The Everest Story (so far…)

EverestDotOrg
Everest — Updates and News
5 min readDec 16, 2020

Chapter 1 — Principles & Architecture

Photo by Jukan Tateisi on Unsplash

Introduction

Estonia led the way for digitizing a society…..the government did it by digitizing users’ identities for the banks, and then layering on financial services, followed by governance, health, schooling, etc. India followed suit a decade or so later with Aadhaar + India Stack, digitizing all identities and financial transactions. And although both significantly increased their economic output, they relied on central databases and control mechanisms. Imagine if we could take that blueprint to the blockchain, and give users control! Everest did that.

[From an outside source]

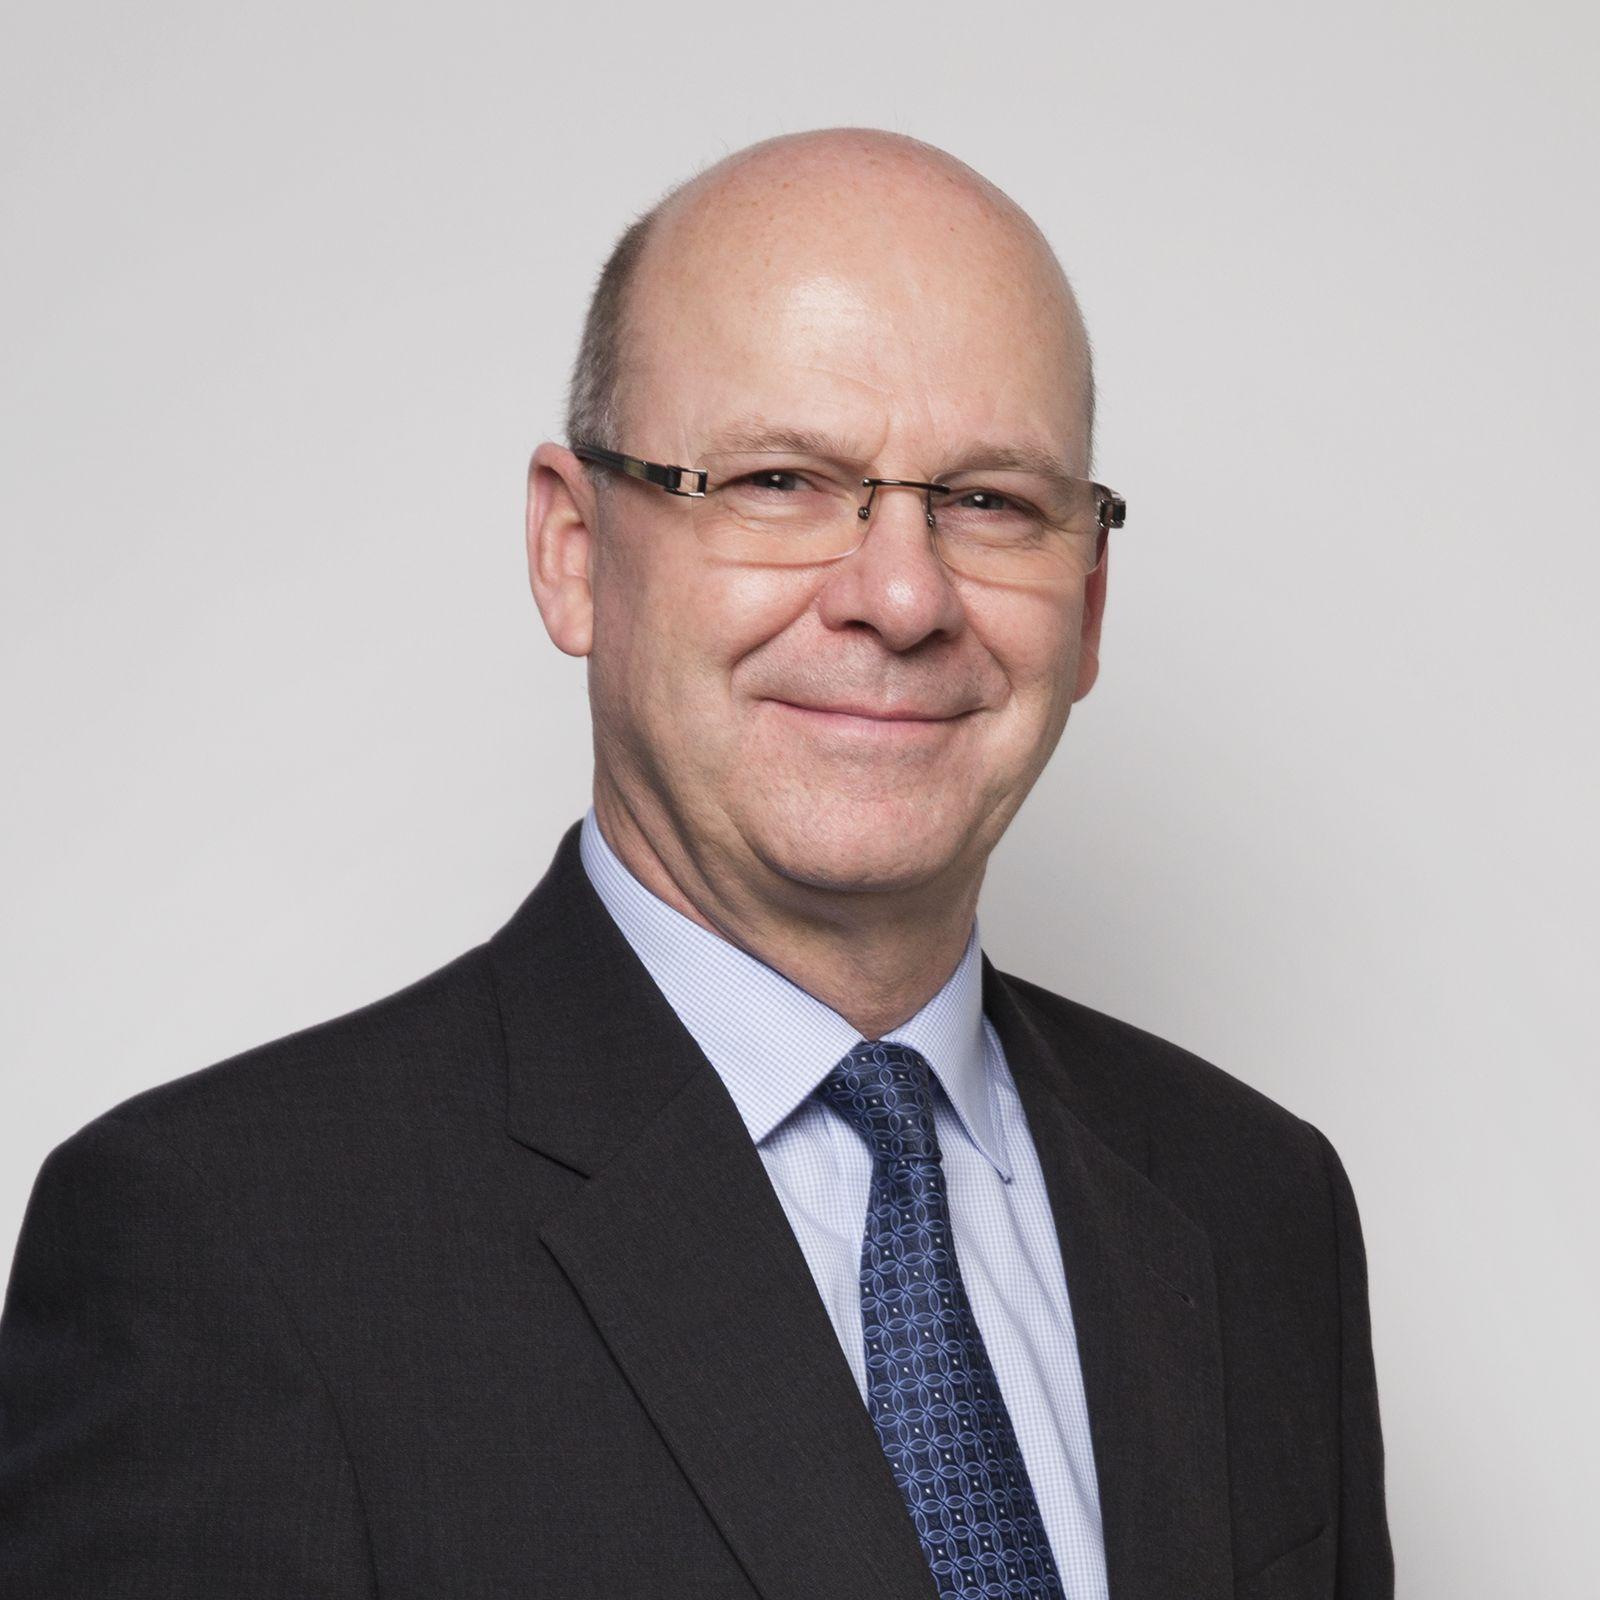 Marc-André Bacuzzi

Without the fundamental elements of all human interaction (value exchange) crypto and blockchain communities will not be able to grow their economies. A comprehensive system with all the fundamental elements, not just a permissionless ledger & token, must be developed. The attributes of that system, like all economies, require the following:

  • Identity (EverID): a multi-faceted (unique, human, ability to associate in groups, verified for regulated services, etc.), homogenized identity creation + verification service. Without the ability to tie a wallet address to an individual “real person” with attributes, meaningful commerce and the value of crypto and blockchain, (especially regulated services), will be fundamentally limited.
  • Account (EverWallet): no device should be required by the user, and access is by only the user.
  • Ledger (EverChain): transactions under 5 seconds for a fraction of a penny, and able to perform over 10 million transactions per minute.
  • Stablecoin (CRDT): a recognized store of value that is stable over time. Pegged stablecoins are the best example to date.
  • Legal (Virtual Financial Asset): a license or recognized ability to operate by powers that enforce laws, fines and jails is an absolute requirement.
  • Access (ID token): APIs to the regulated financial and traditional world, and staking for said access is required.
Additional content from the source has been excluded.